This is the guy here whos dvd was in the mag


View: http://www.youtube.com/watch?v=9Wd9YpU028c


hope it helps you might find more out if you google him

but he basically says that ladies saddles should be slightly up at the front so to push more pressure back on the seat bones


----------



## aberal (28 Jun 2011)

Saddles are designed to be set level. I've known this for years, argued it for years and in fact have said so on CC more than once. And yet a couple of weeks ago, suffering discomfort I stopped off and tweaked my saddle nose down a smidgeon. The relief was instant. I reckon it's too early to say yet whether I will keep it like that, I certainly feel that I am sliding forward slightly - but it feels so much more comfortable. Possibly, like you I had been getting fitter and cycling more and for longer distances, but I would certainly suggest experimenting with your saddle position. Either down or up, but I would suggest that you don't move it too much.


----------



## lulubel (29 Jun 2011)

Thanks for the advice, everyone. I'll experiment a bit with the saddle position - only one change at a time! I know I don't have any leeway to move it up or down - up and I'll be rocking my hips to pedal, down and my knees start to hurt - but I may try moving it back slightly first. I moved it forward when I prefered to ride much more upright, so there might be something in that.

I think you have a good point, zacklaws, about getting out of the saddle. I do it very rarely - only learnt how to do it late on in my cycling "career" - if I need a bit more oomph to get over a hill, and don't want to use the granny ring. I'm still not confident getting out of the saddle at anything other than slow speeds, and I tire very quickly because I don't do it often. Some practice is probably in order!


----------



## zacklaws (29 Jun 2011)

Bear in mind too, that if you move the seat back, it also in effect raises it, and if you move the saddle forward, it too has the effect of lowering it, so depending how far you move it, you may need to adjust the height corespondinley a small fraction


----------



## snailracer (29 Jun 2011)

And yet another theory:
Is your knee over pedal spindle? AKA "KOPS".
It's a bit maligned in some quarters, but one theory is that, with a saddle-forward position, the knee is slightly in front of the pedal and so ends up pulling you forward onto the nose of the saddle when you ride hard. The solution, once again, is to move the saddle towards the rear (keeping zacklaw's useful comments about adjusting the height in mind as well) so you are KOPS or even further back.


----------



## lulubel (1 Jul 2011)

I moved my saddle back about 1cm before today's ride, and it was - er - different. (I didn't adjust the height at all because the saddle rails are angled slightly so that the vertical distance from saddle top to floor actually decreased when I moved it back, and my reach to the pedals felt the same.)
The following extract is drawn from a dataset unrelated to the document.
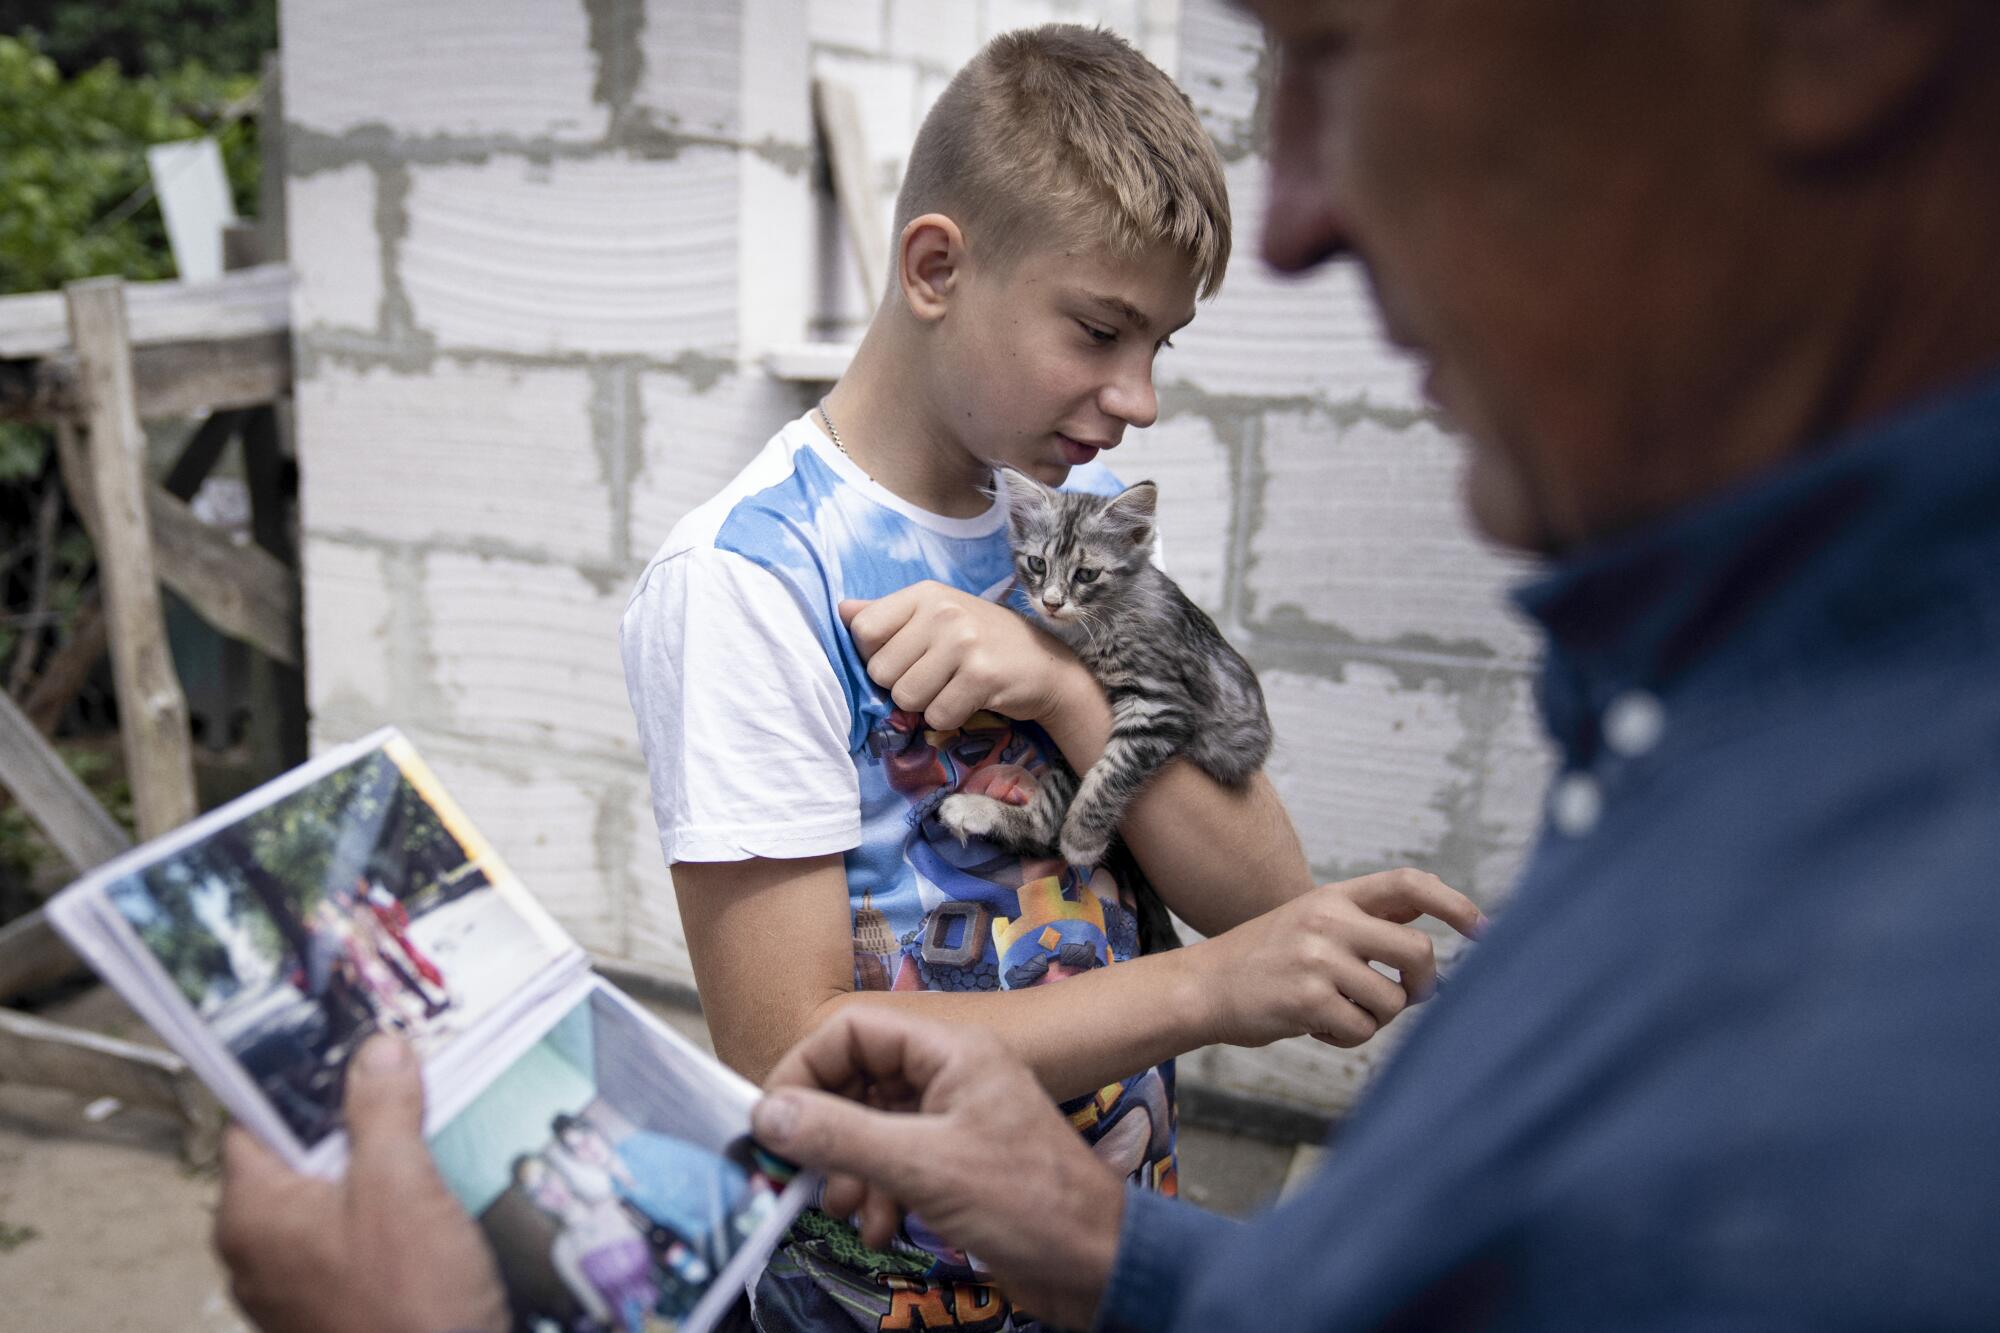 A boy holds a kitten as a man looks at a photo book.

It's really humid today, which affects my asthma, so I kept it to 1 hour. I think I was a bit more comfortable in the saddle, but it's hard to tell because the discomfort isn't really noticeable until I get to the 1 hour point.

I felt as if the weight of my upper body was being pushed forward onto my hands more, which is the opposite of what I expected after reading comments in this thread, so that was a bit weird. I rode mostly on the hoods, a bit on the drops, but when I tried putting my hands on the tops a couple of times, it felt like a real effort to keep them there, and I soon moved them forward to rest my weight on the hoods again. (Could be due to weak core muscles?)

Anyway, I have a couple of longer rides planned over the weekend, so I'll leave it as it is and see how I get on. The new position might just need getting used to.


----------



## the snail (1 Jul 2011)

lulubel said:


> ... the saddle rails are angled slightly so that the vertical distance from saddle top to floor actually decreased when I moved it back


are you sure the nose of your saddle isn't angled upwards? I would expect the saddle rails to be horizontal


> Anyway, I have a couple of longer rides planned over the weekend, so I'll leave it as it is and see how I get on. The new position might just need getting used to.


I adjusted the nose down a bit while on a longish ride, after it had become uncomfortable, and the benefit was immediately noticeable, so perhaps that is the besy way to do it?


----------



## lulubel (1 Jul 2011)

the snail said:


> are you sure the nose of your saddle isn't angled upwards? I would expect the saddle rails to be horizontal



Yes, I checked it with a spirit level on flat ground when I started having problems, just to make sure. When you look at the saddle from the side, the rails are noticeably closer to the saddle itself at the nose than they are at the back. It's a women's specific saddle, so maybe that has something to do with it. It's the only one I've ever had, so I don't have anything to compare.



the snail said:


> I adjusted the nose down a bit while on a longish ride, after it had become uncomfortable, and the benefit was immediately noticeable, so perhaps that is the besy way to do it?



I hadn't thought of that. I always carry a multi tool with me, so that would be a good idea.


----------



## MacB (1 Jul 2011)

worth having a think about what happens as you move your bum back, if you stand sideways to a mirror and bend forward at the waist, you'll see your bum moves back to counter balance. 

It's a bit tricky to sort out, you can get your saddle in the right spot but then that means the bars aren't and the automatic reaction is to move them closer to the saddle. The problem is that too much weight on the hands can be due to the bars too near as well as too far.


----------



## rowan 46 (2 Jul 2011)

There's a thread just started on noseless saddles you may find interesting if you haven't read it already


----------